Telescoping Languages Project Description
NOTE: The grant supporting the Telescoping Languages project ended in 2008. This site is retained for archival purposes, but is not actively updated.
Telescoping Languages: Support for Rapid Construction of High-Performance Applications
At Rice we have originated the telescoping languages strategy to generate high-performance compilers for scientific domain languages. The basic idea is to preprocess a library of components for a target domain to produce a compiler for that domain that understands and optimizes the library components as if they were primitive operations in the base language. This strategy is depicted in the figure below.
Our work to date has focused on extensions to Matlab as defined by toolboxes such as signal processing, image processing, etc. We have built a very preliminary prototype of the Palomar compiler generation system, but we plan to expand the work in several different directions:
- Component integration systems. Preprocessing of component libraries can make it possible to produce specialized versions for use in contexts that might occur in programs that invoke these components. One preliminary study has made it possible to generate Fortran versions of a library for solution of large-scale eigenvalue problems (ARPACK) from a Matlab prototype. Our current system, called LibGen, produces eight different versions from each Matlab prototype routine, specialized on input matrix type (real versus complex, sparse versus dense, symmetric versus nonsymmetric).
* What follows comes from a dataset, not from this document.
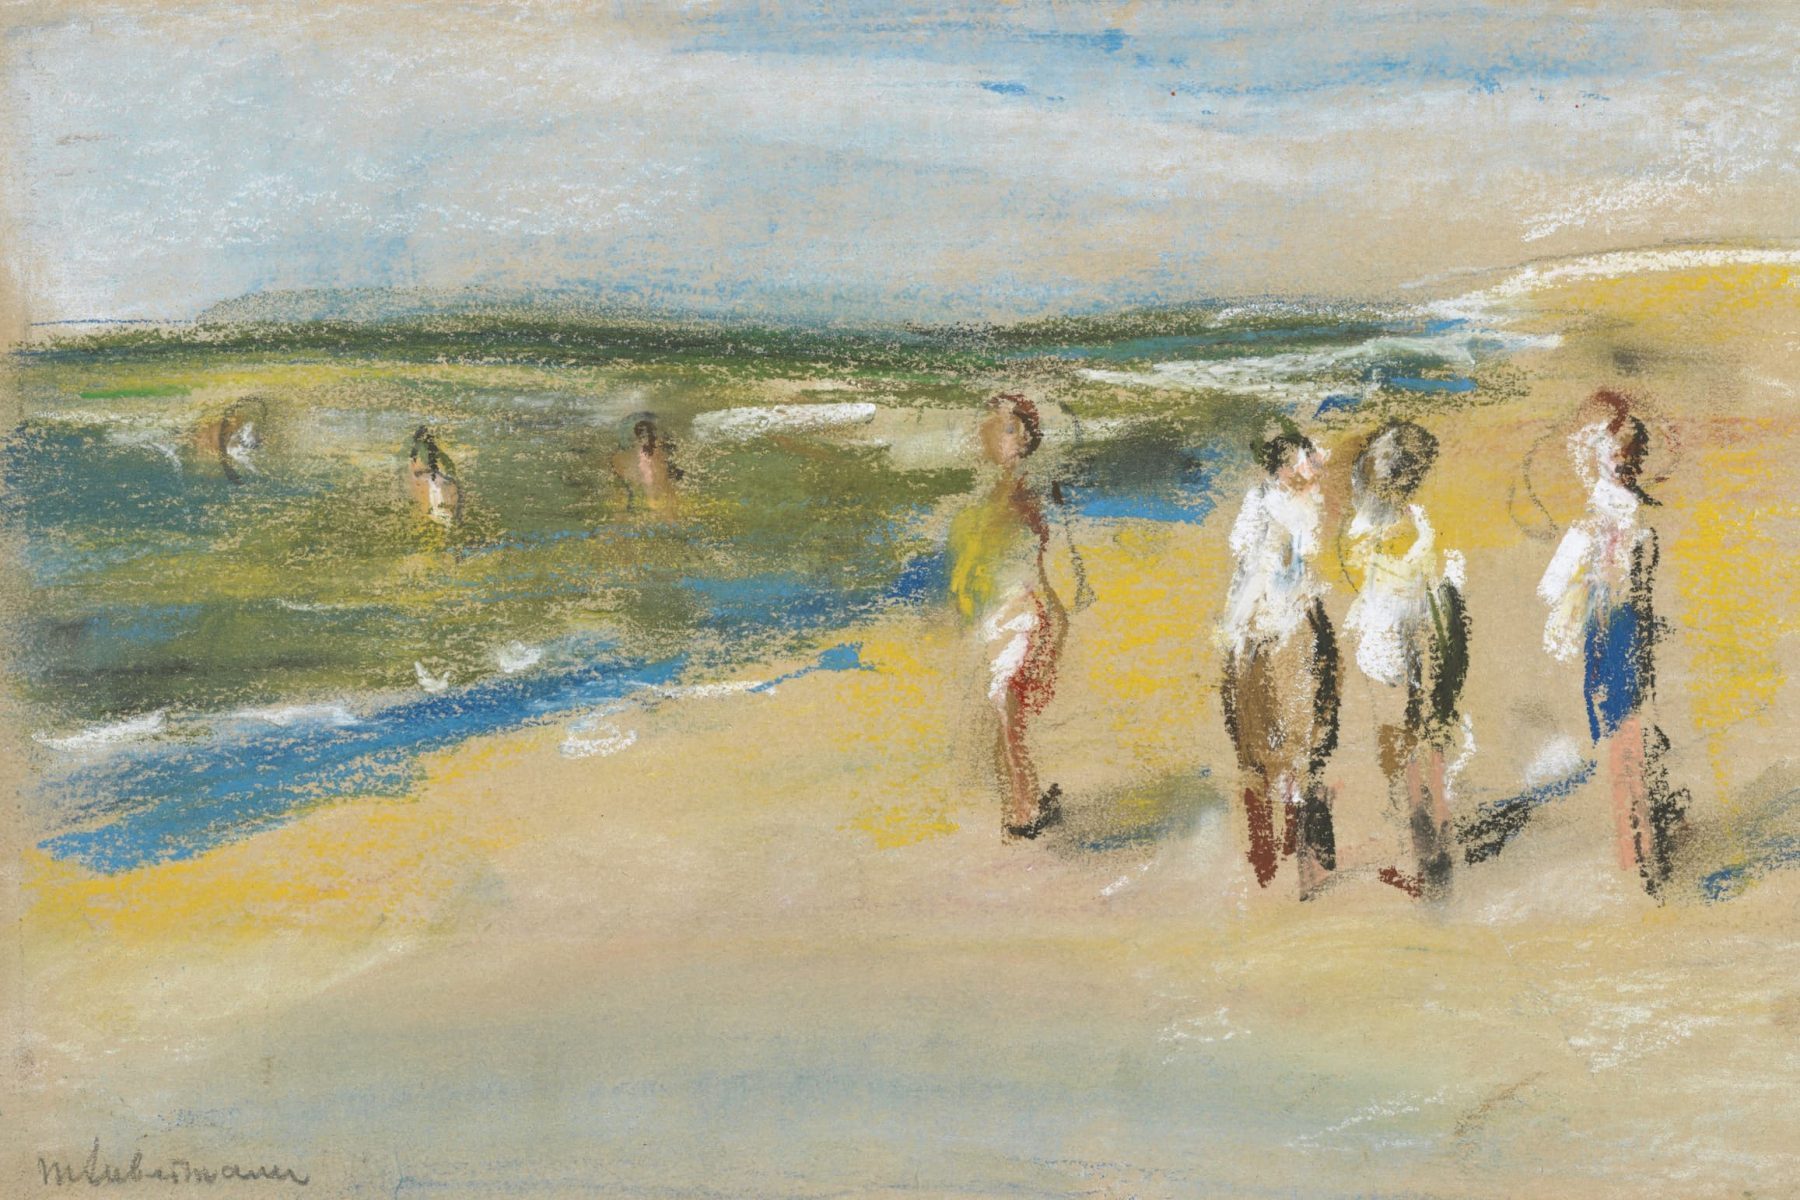 Pastellzeichnung von mehreren Figuren am Strand und im Meer.

- Compilation of statistical languages. We have embarked on a project to compile programs written in the S family of languages, which includes S-PLUS and R, into efficent C equivalents. The strategy is to preprocess the open-source run-time library for R to produce versions that are specialized to different contexts that might be needed in a calling program and use type analysis to select the right variant when the R application is presented to the compiler.
- Parallel Matlab. We are exploring the use of telescoping languages to effect a compiler-based parallelization of Matlab. The underlying idea is to distribute the Matlab arrays across a parallel machine using different data distribution strategies. The underlying idea is to use compiler techology developed for High Performance Fortran (HPF) to preprocess the base library routines that carry out operations on distributed arrays and translate them into scalable parallel code, including communication, that implements these operations.
- Automatic pretuning of components. One form of context to which components can be specialized is the platform on which they will be run. Thus the telescoping language concept encompasses in-advance optimization of components for a particular machine architecture. We are exploring a strategy that selects loop optimization parameters, such as factors by which to block and unroll, by running the code and selecting the best variant using heuristic search. This makes it possible to select and integrate an optimized version of each component invoked by a user program once the target architecture is known.